Elastic thread in a quantity to last you years is available at craft and sewing stores for significantly less $ than what you pay at a tackle shop for a lesser amount.


----------



## chump (Jul 18, 2005)

Hey Talapia,

Thanks for the tip on the weights. I thought the same thing, but I have a feeling that I'm going to be untangling myself all day long that way. Everyone else casts little weights and let it roll down the current. I guess that's why you said that you just about drop it straight down. 

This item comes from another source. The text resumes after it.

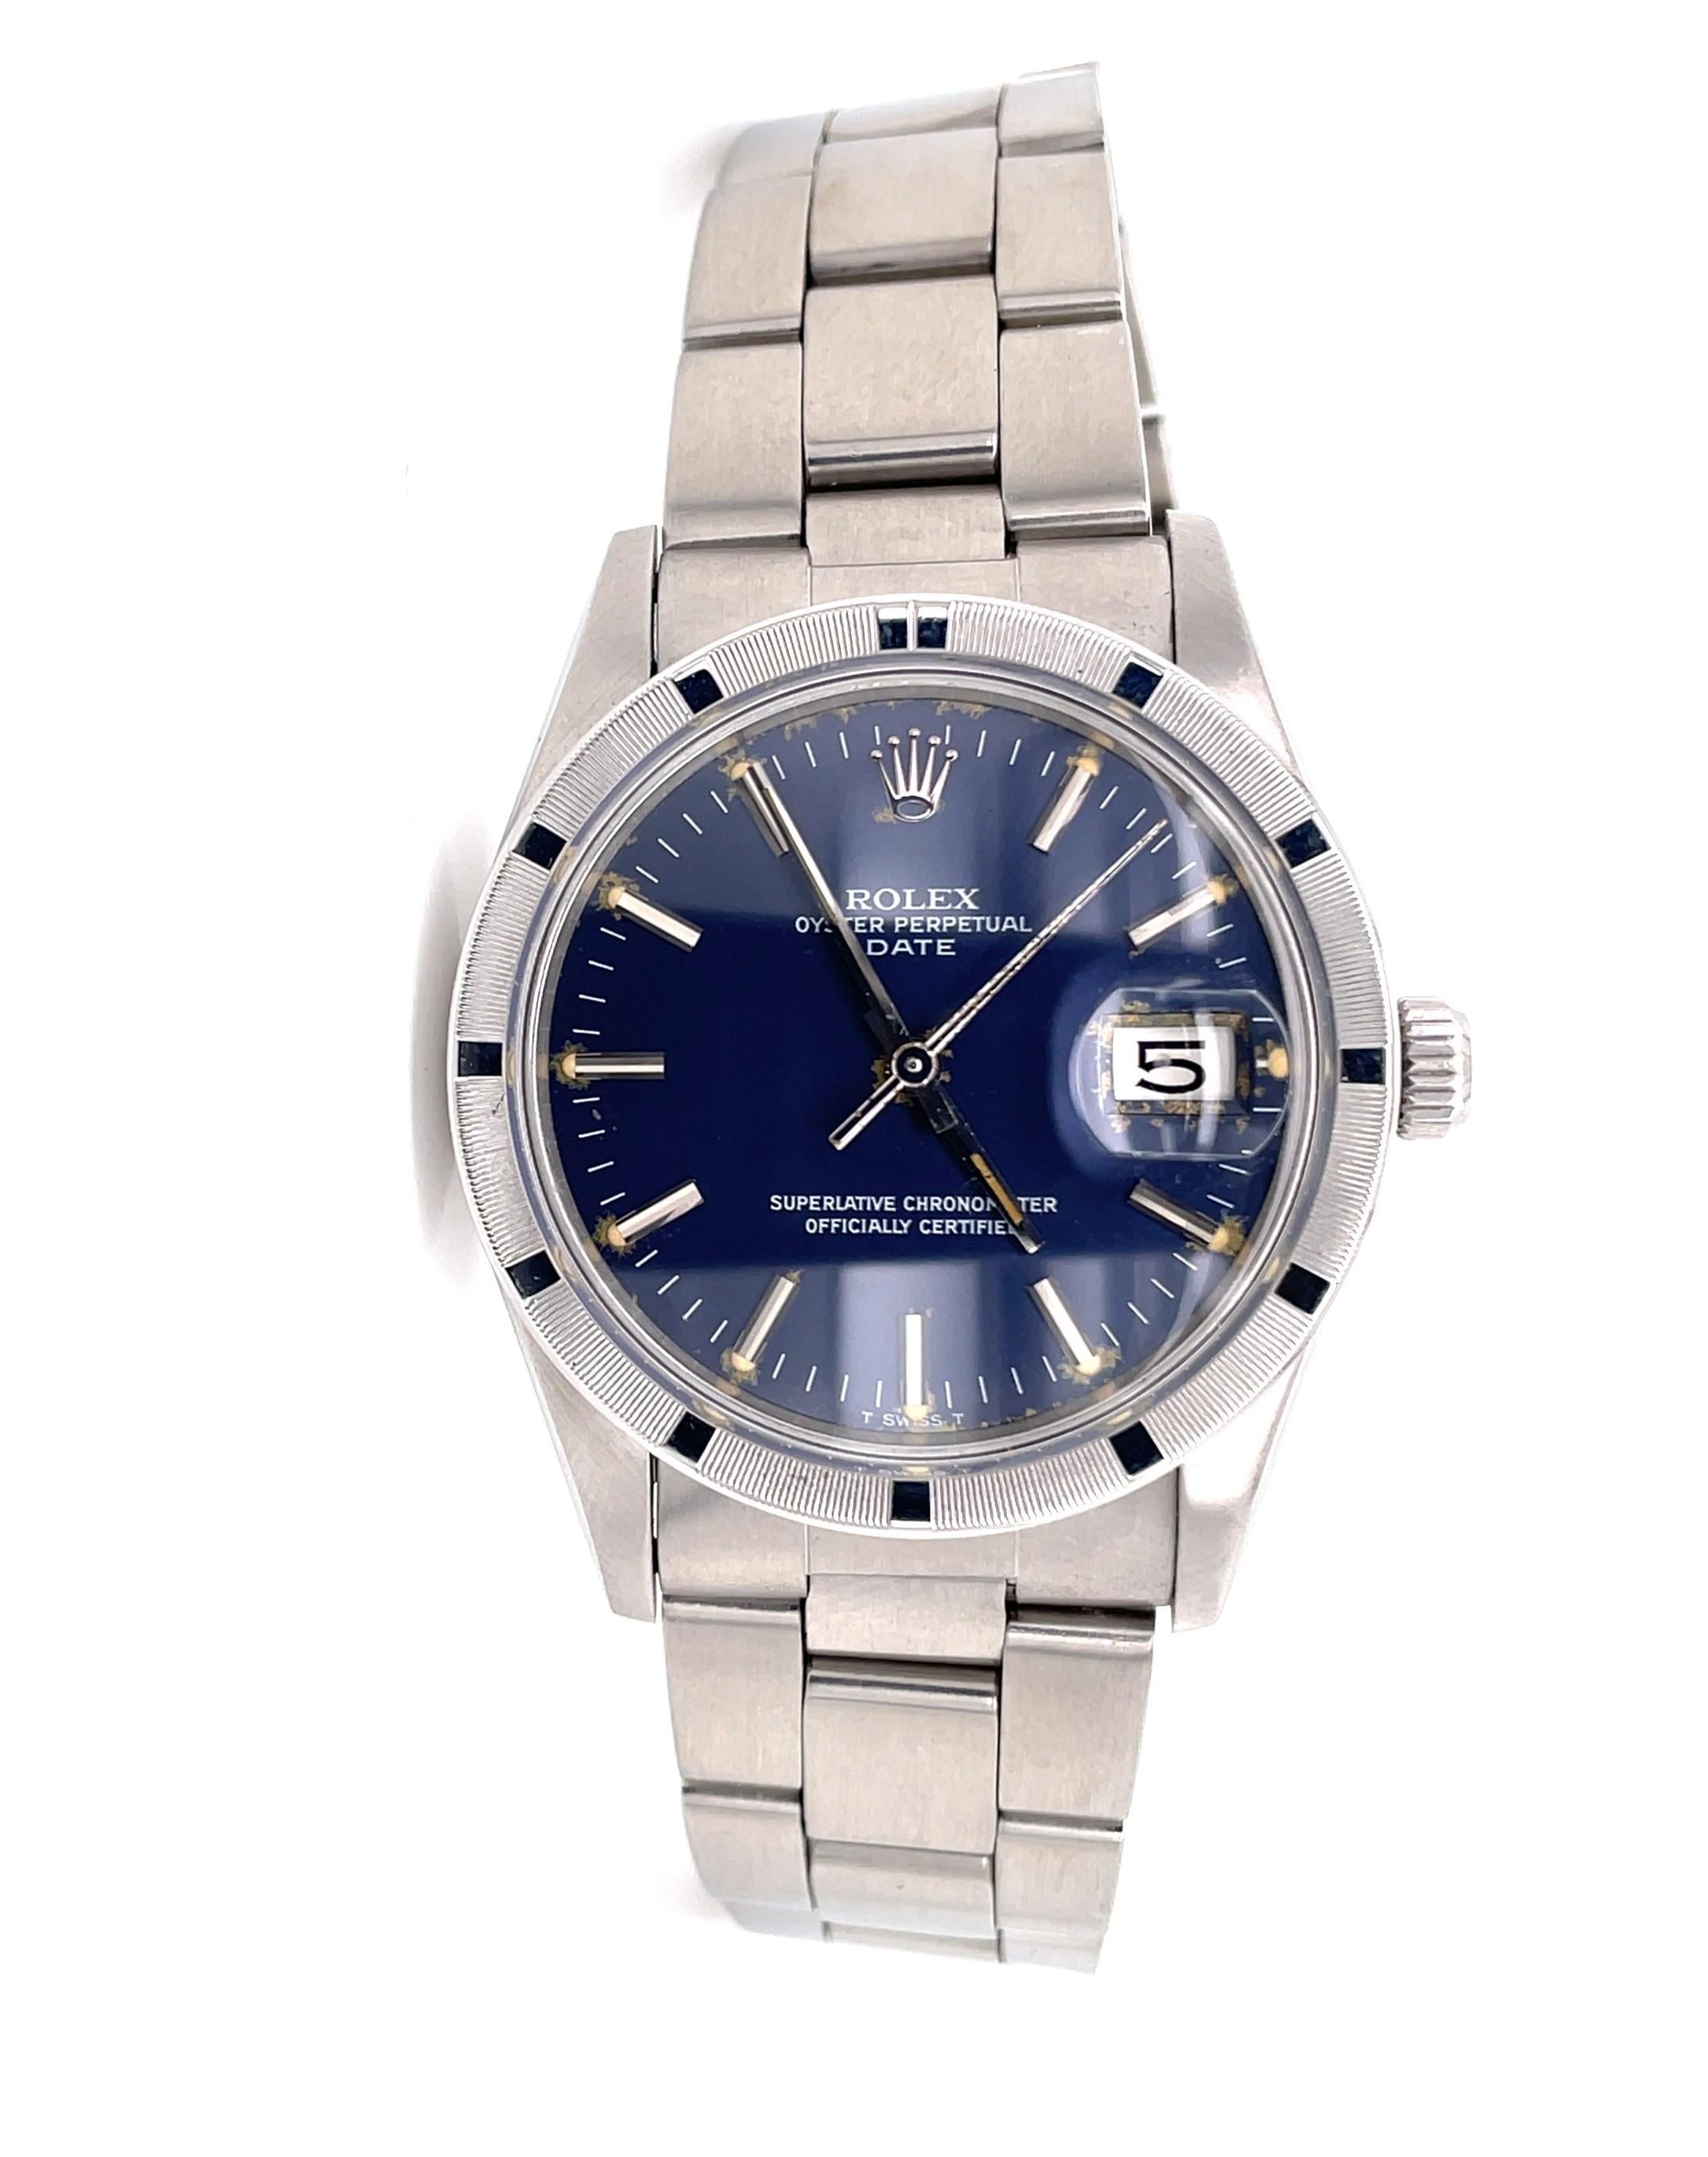 Beliebte Rolex Herrenarmbanduhr Modell 15010 mit 33mm Stahlgehäuse und Edelstahl Oyster-Armband.
Dieser Chronometer ist eine Uhr mit ewigem Datum und verfügt über ein fabrikneues 15010 Rolex Automatikwerk und ein neues Glas.  Ein klassisches

GMinPa, thanks for the tip on tying things on. I started using rubber bands on the peelers and I'll make sure I do the same w/ clams.

Thanks,
Chump


----------



## GMinPA (Oct 7, 2005)

Chump - I forgot to mention that the frozen/salted clam available at b&t's can stay on the hook slightly better than fresh. I still tie 'em on even when using the frozen/salted bait. Old habits die hard.


----------



## chump (Jul 18, 2005)

Hi Everyone,

Thanks for all the tips this past couple of days on Togging. Just one more question. What type of sinkers do you guys use? I now know to use enough to hold so as it won't roll around, but should I be using the round ones, the pyramids? I've been reading and some people have actually bee suggesting the sputniks because the wires will prevent the sinker from getting stuck. Any tips? I think I will go back out there this weekend to try to catch my first non-freshwater fish this year.

Thanks again,
Chump


----------



## vbengr01 (Apr 2, 2005)

*Bank sinkers*

When fishing at IRI, I usually use a simple dropper loop near top of a leader (40 lbs), and 2 - 3 Oz bank sinker at the bottom. No matter how good you are, you will always loose a few rigs. So instead of wasting time and retying rigs, I use a paper clip to hook a sinker and tied the paper clip to the end of the leader. On a good day, I will usually lose a few sinkers, but not the whole rig. Some people like to tie rubberbands at the end, but still, they take too long, and come off easily with a hard pull. Hope this helps. Good fishing....


----------